Alejandro, mozo de espadas de El Juli, en el callejón junto al matador y Álvaro Montes, su banderillero de confianza
La voz cuatreña de Alejandra destapa una sonrisa en el padre que dentro de una hora se jugará la vida. José Núñez Pilo (Badajoz, 1988) se despide de su hija y le promete que al día siguiente, por fin, se verán. «Cuando ... estés dormida, papá llegará a casa», le susurra mientras sostiene el oso de peluche de su niña. Son las cinco y veinte de la tarde cuando Pilo abandona la habitación del hotel. Donde ya no volverá. A las seis y cuarenta un toro le partirá el gemelo y le abrirá el muslo en un par de banderillas: dos cornadas que sobrecogen a toda la cuadrilla, la otra gran familia de El Juli.

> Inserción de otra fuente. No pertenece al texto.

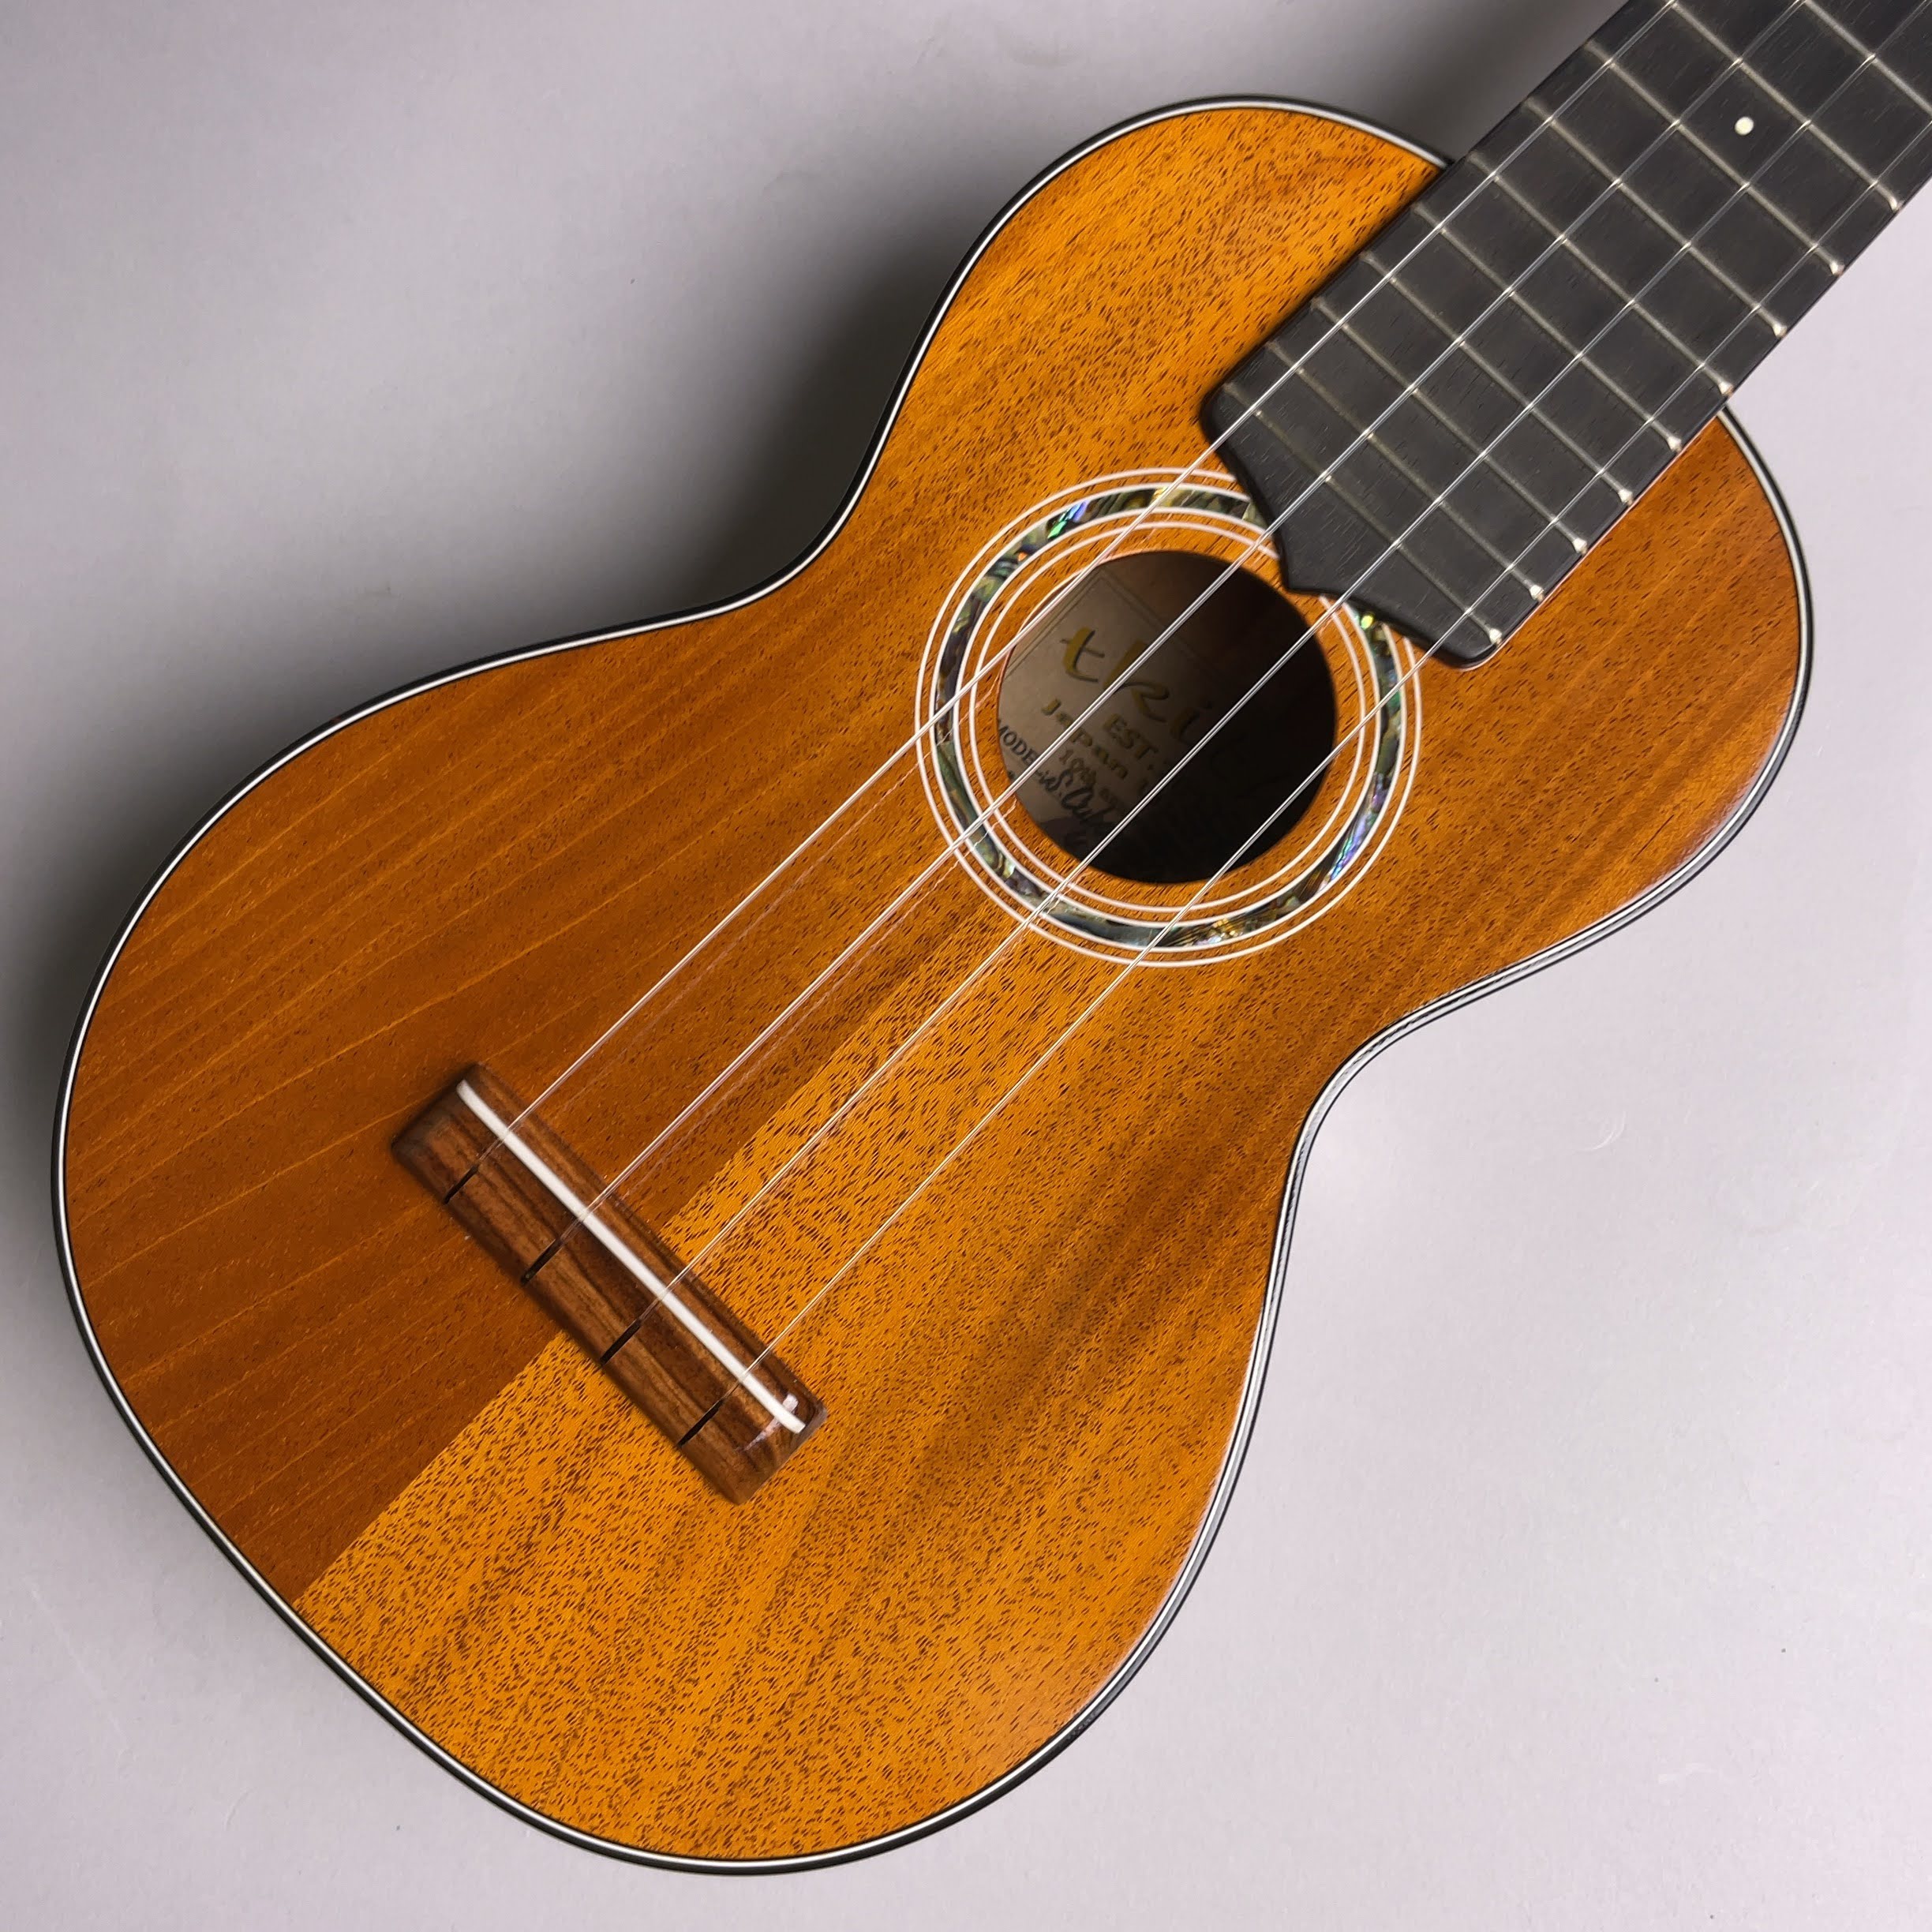 ウクレレ商品情報 【試奏動画あり】| tkitki ukulele S.Cuban Mahogany SOP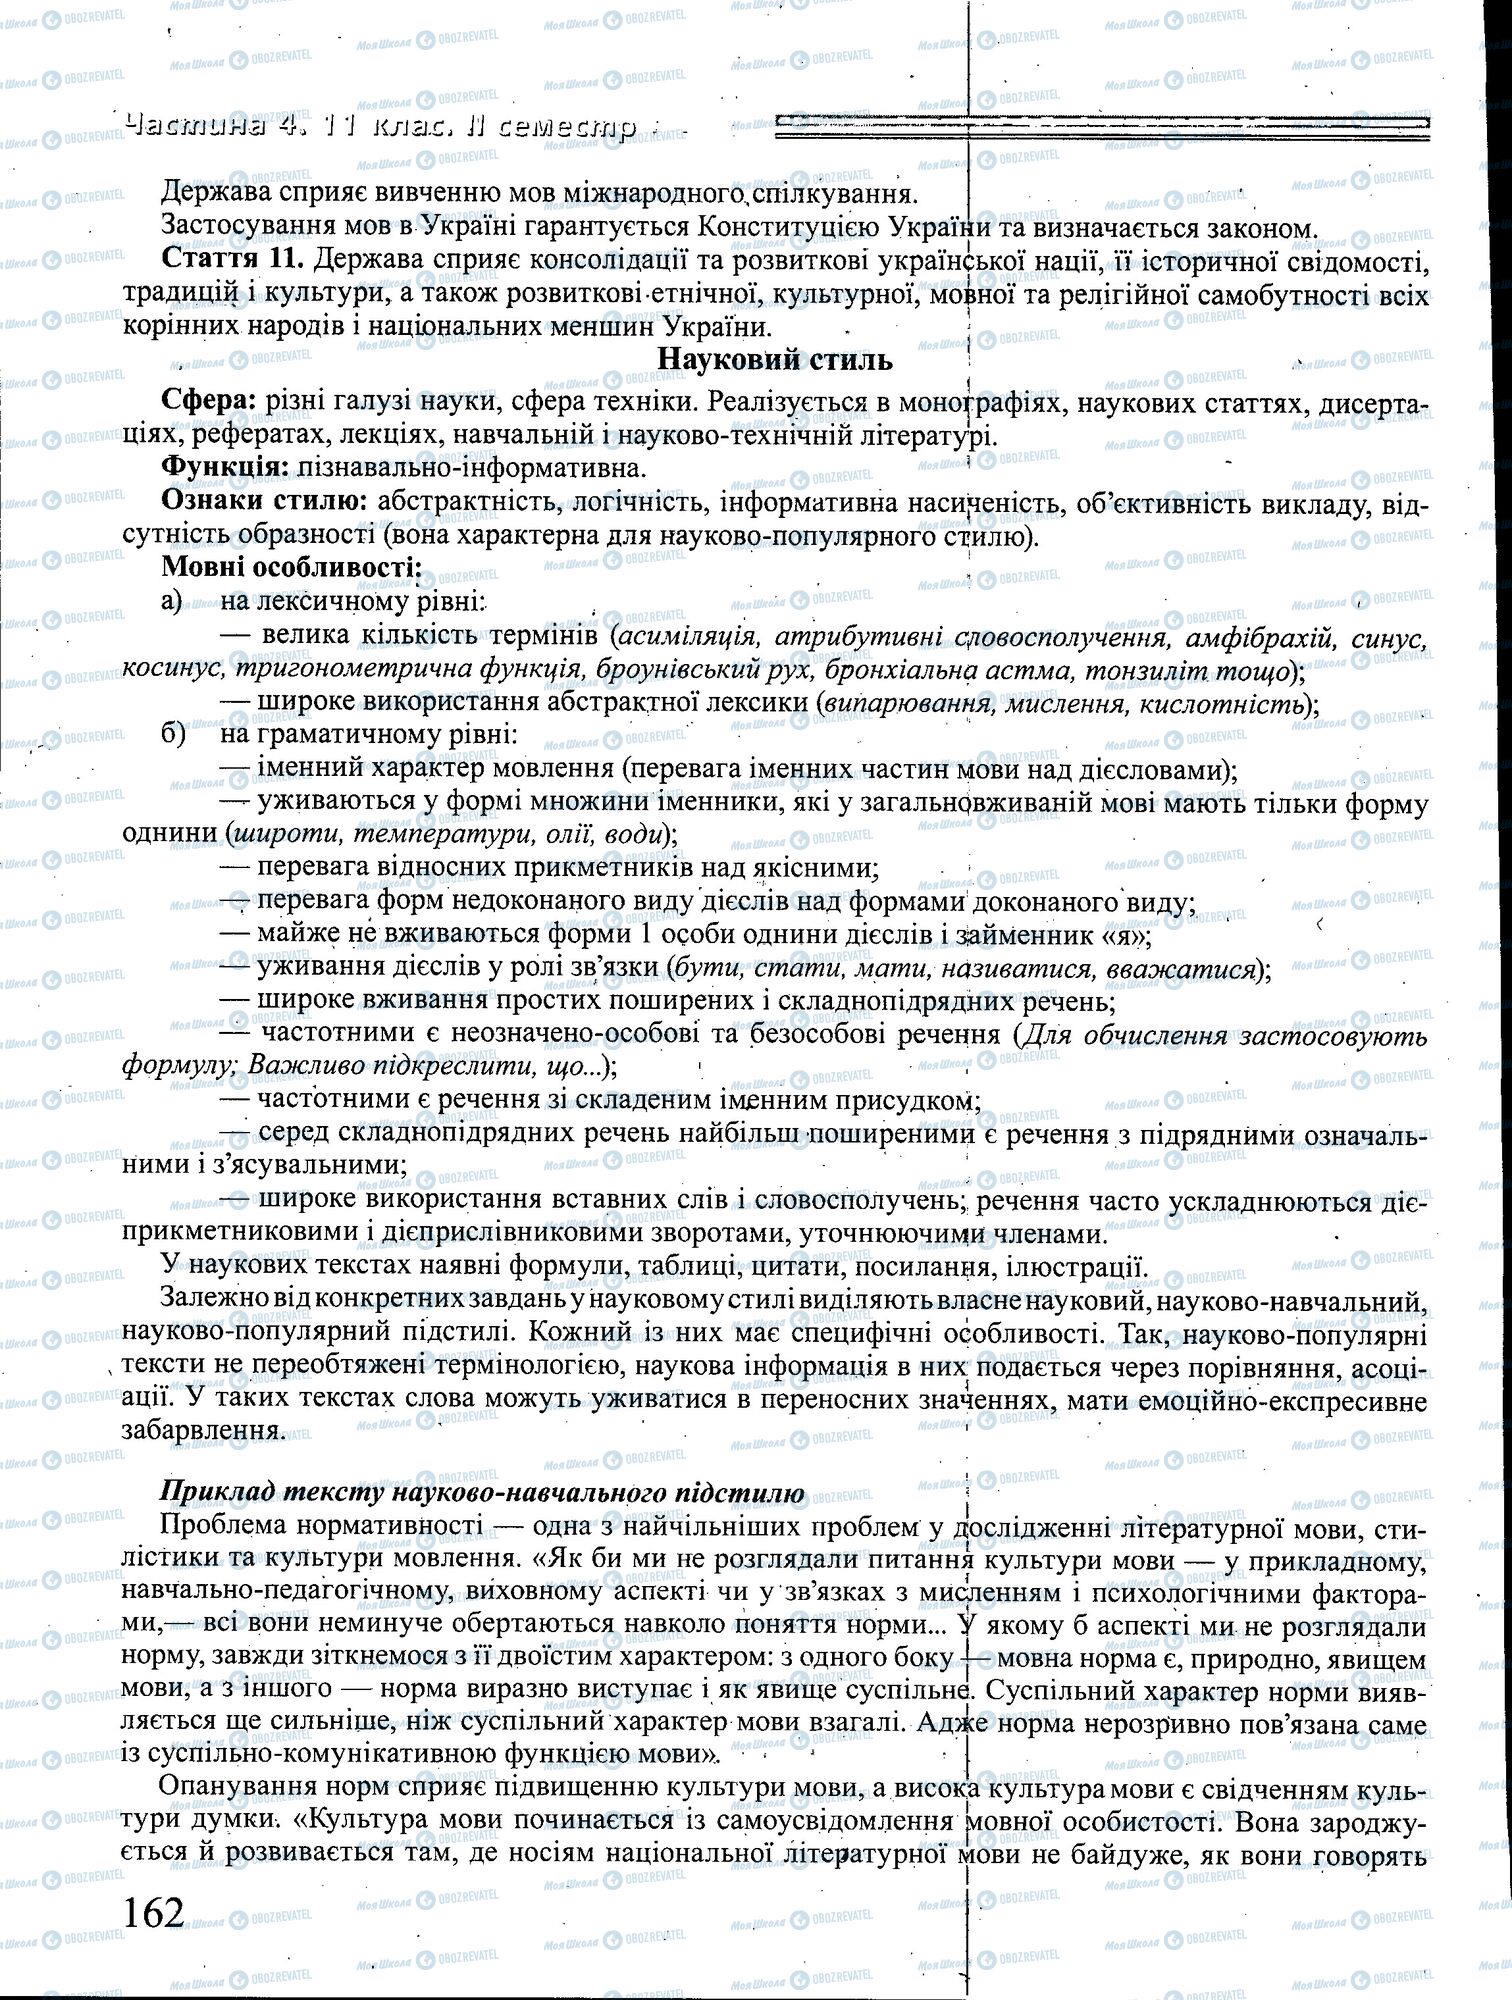 ДПА Укр мова 4 класс страница 162

El chófer, en el umbral de la enfermería a la espera de noticias, ya no verá la faena de rabo ni cómo el matador honrará la sangre de uno de los suyos cogiendo de nuevo los palos. En aquel cuarto con olor a cloroformo, a Pilo no le duele la herida, a Pilo le duele no llegar en la noche prometida a dar un beso a Alejandra y, sobre todo, no poder estar en el adiós de El Juli a Madrid y a Sevilla. «Estar a las órdenes del maestro era mi gran sueño, y ya llevo cinco años», cuenta a ABC mientras se abotona la camisa que tapa los tatuajes de su torso y espalda. «Son señales de juventud», dice. Y regresa a la figura a la que profesa auténtica devoción: «Con el maestro he aprendido todo. Sin él, yo sería torero, pero no sería la misma persona que soy. Le debo todo». Recuerda como si fuera ayer la llamada del 20 de octubre de 2018 cuando Luis Manuel Lozano, el apoderado que ha firmado los contratos de la figura desde la temporada 2015, le preguntó si quería formar parte de la cuadrilla de Julián. «Pensé que alguien me estaba gastando una broma y me tuvo que llamar veinticuatro horas después para que me lo creyera. Rompí a llorar como un niño chico».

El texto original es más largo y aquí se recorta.